BEGIN RECORDS SUPPLIED
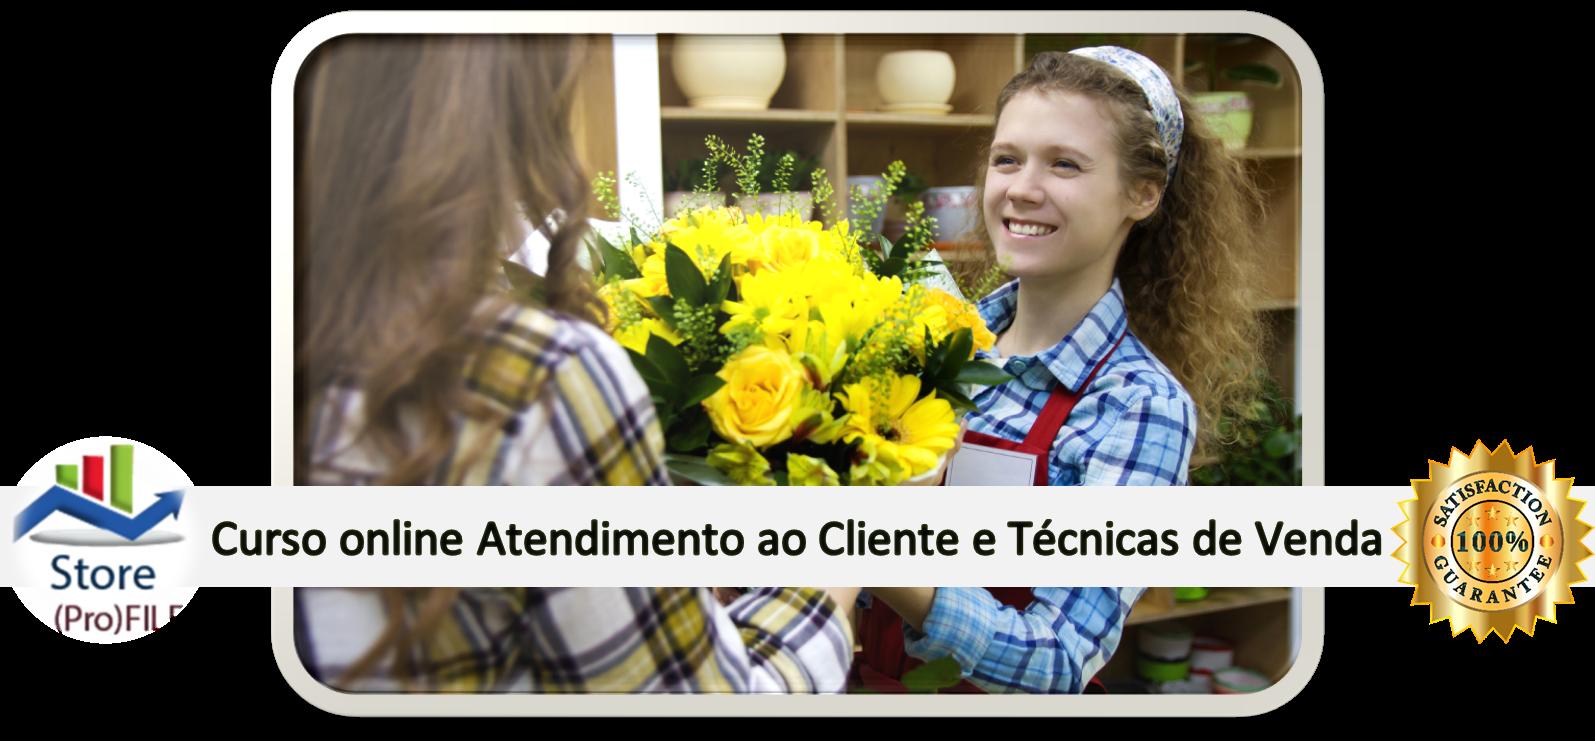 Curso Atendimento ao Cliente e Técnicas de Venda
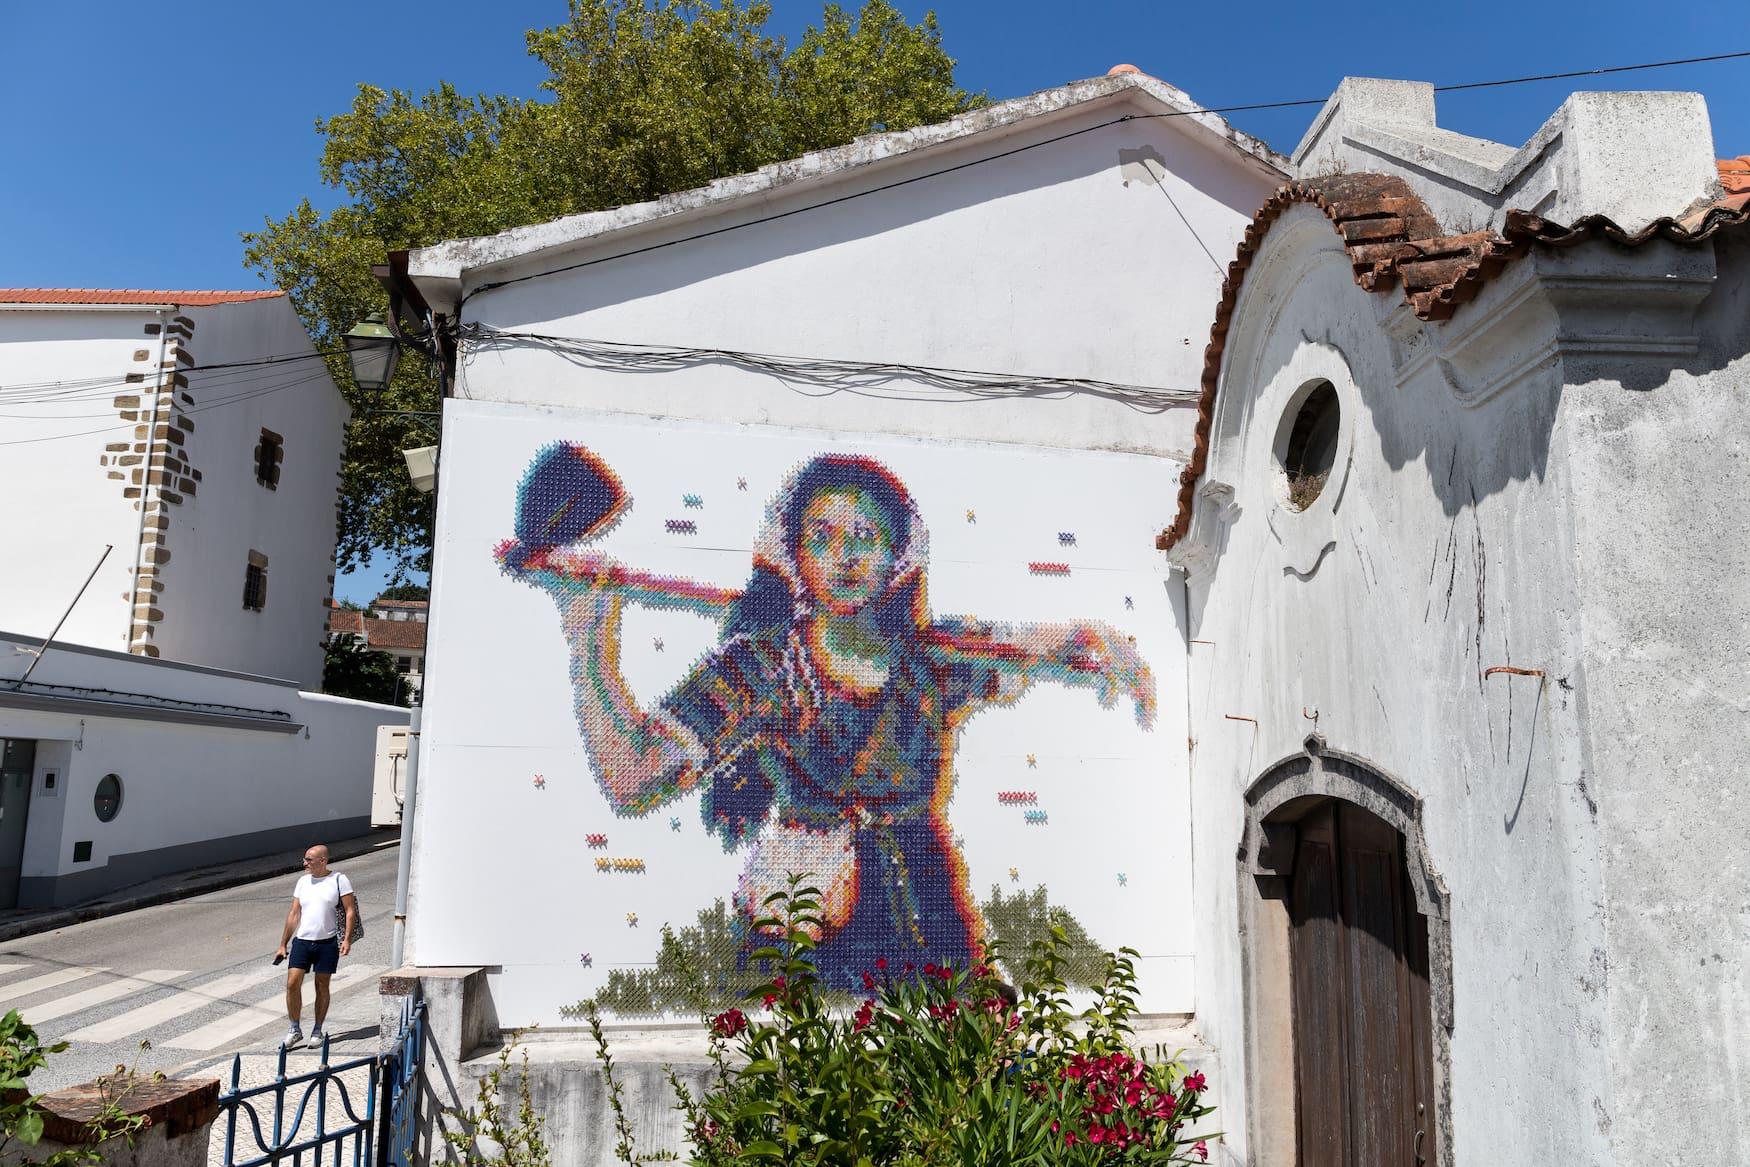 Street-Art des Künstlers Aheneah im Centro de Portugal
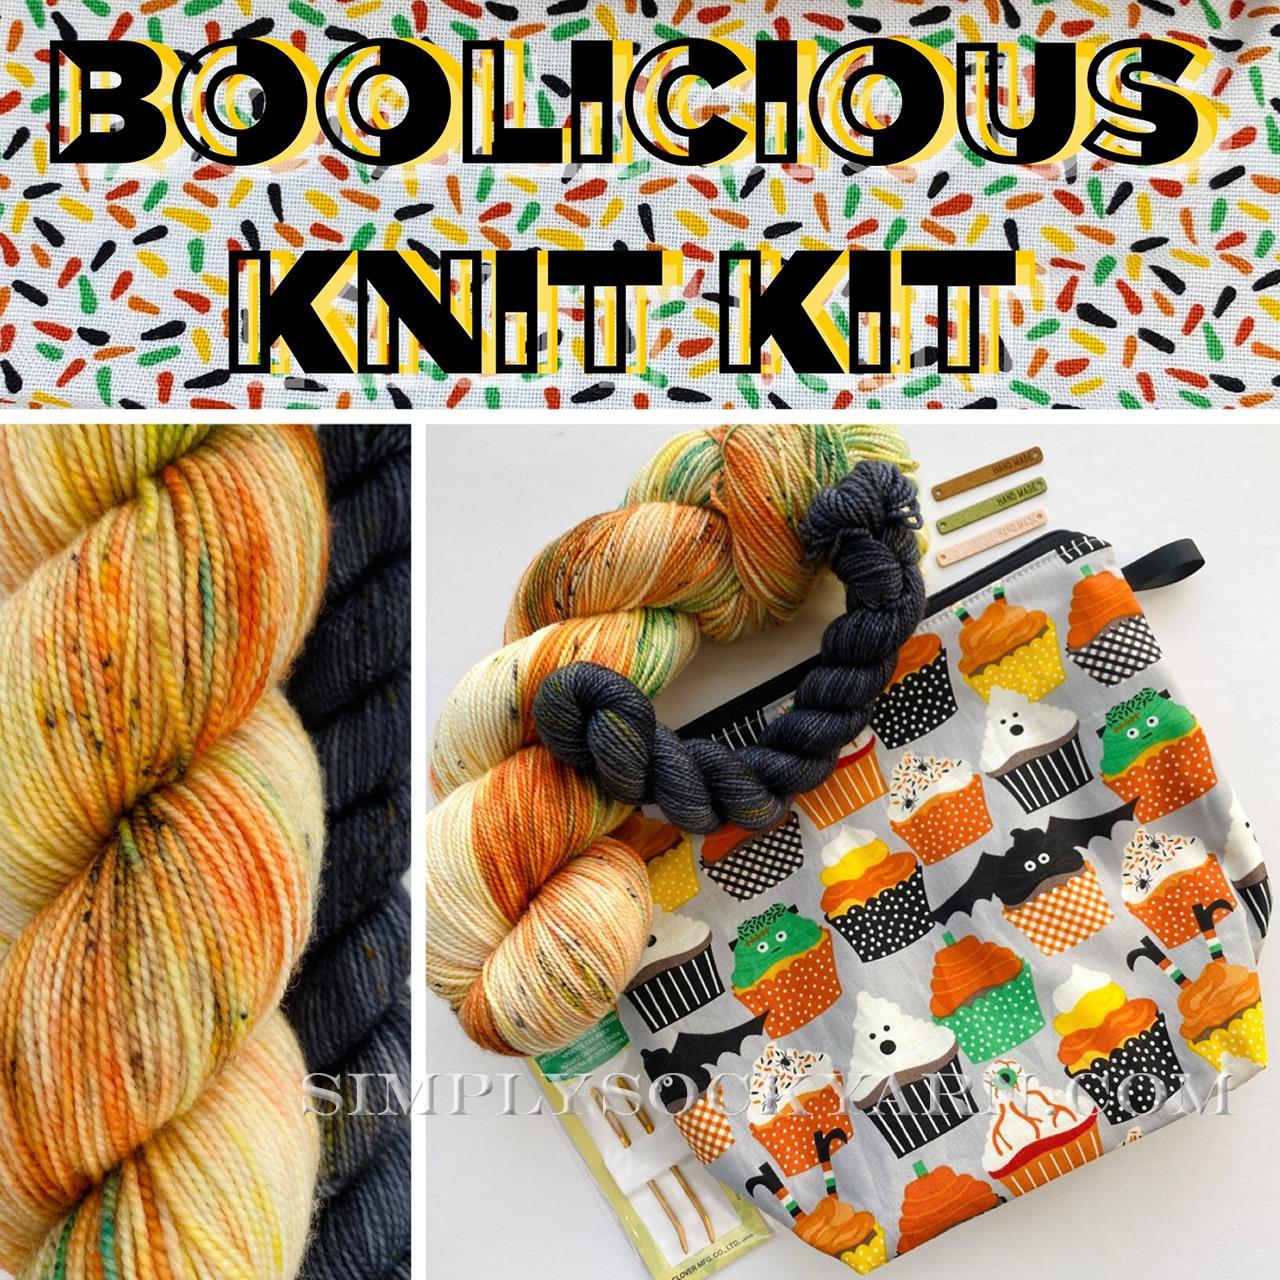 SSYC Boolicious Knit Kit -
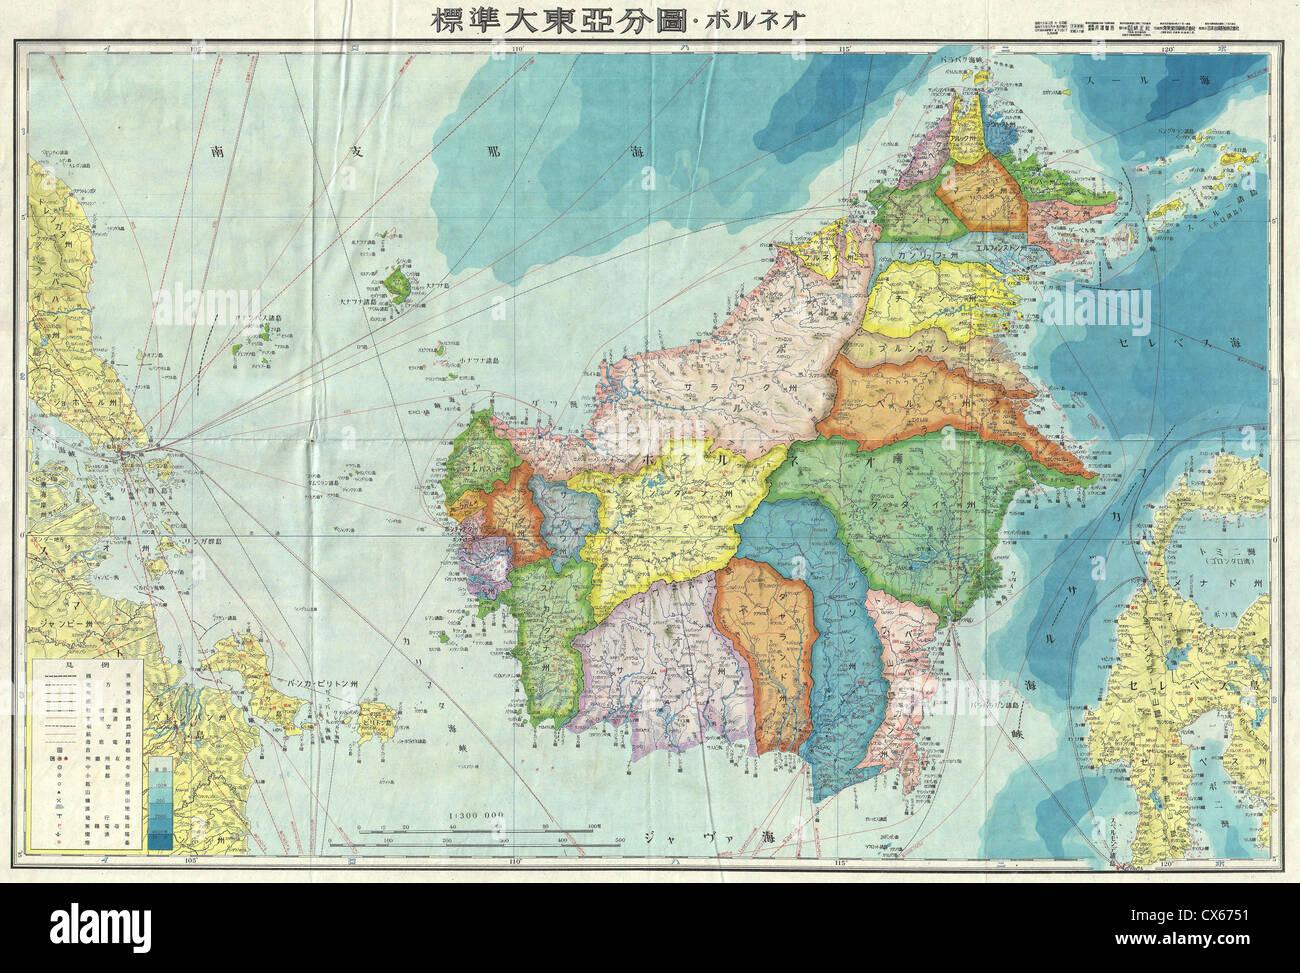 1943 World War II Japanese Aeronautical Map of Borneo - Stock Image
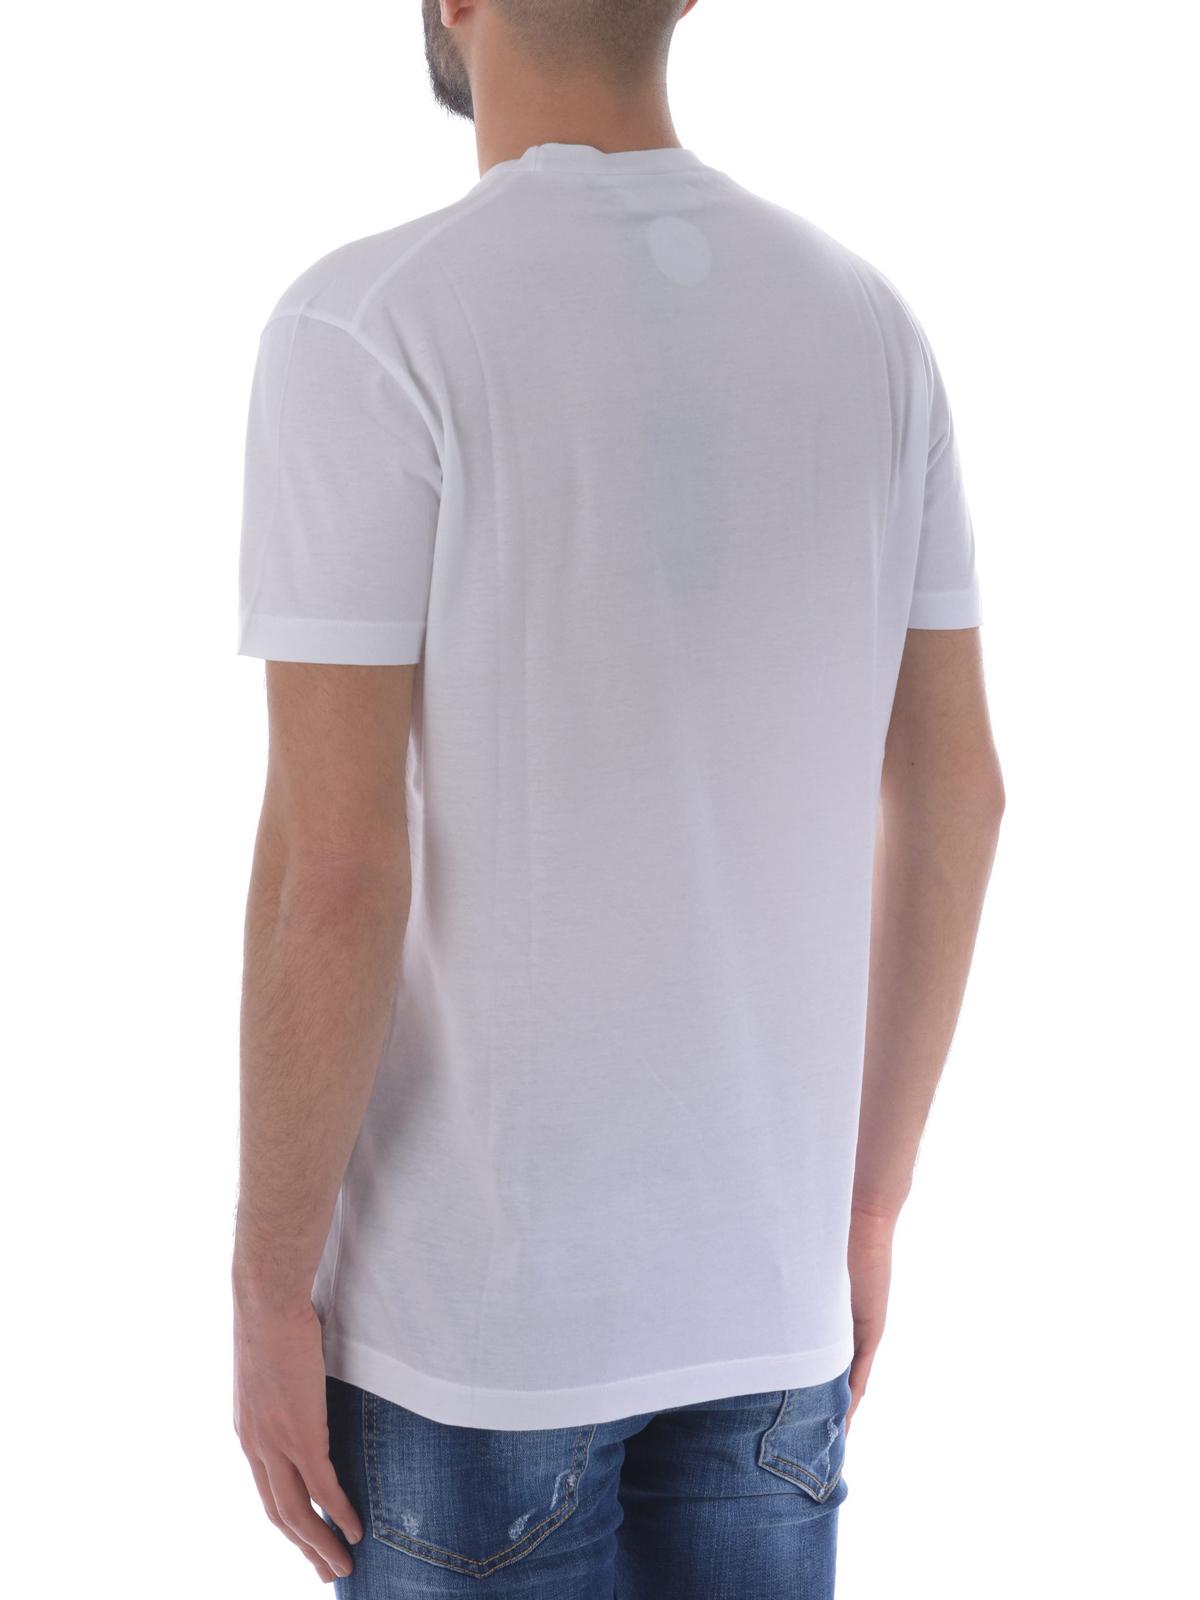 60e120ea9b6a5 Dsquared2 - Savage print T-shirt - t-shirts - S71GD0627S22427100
END RECORDS SUPPLIED
# TASK OBJECTIVE:
This calls for an exact copy of all the entries above, with the pictures omitted.

# ANSWER TO THIS PROBLEM:
 Curso Atendimento ao Cliente e Técnicas de Venda
 Street-Art des Künstlers Aheneah im Centro de Portugal
 SSYC Boolicious Knit Kit -
 1943 World War II Japanese Aeronautical Map of Borneo - Stock Image
 60e120ea9b6a5 Dsquared2 - Savage print T-shirt - t-shirts - S71GD0627S22427100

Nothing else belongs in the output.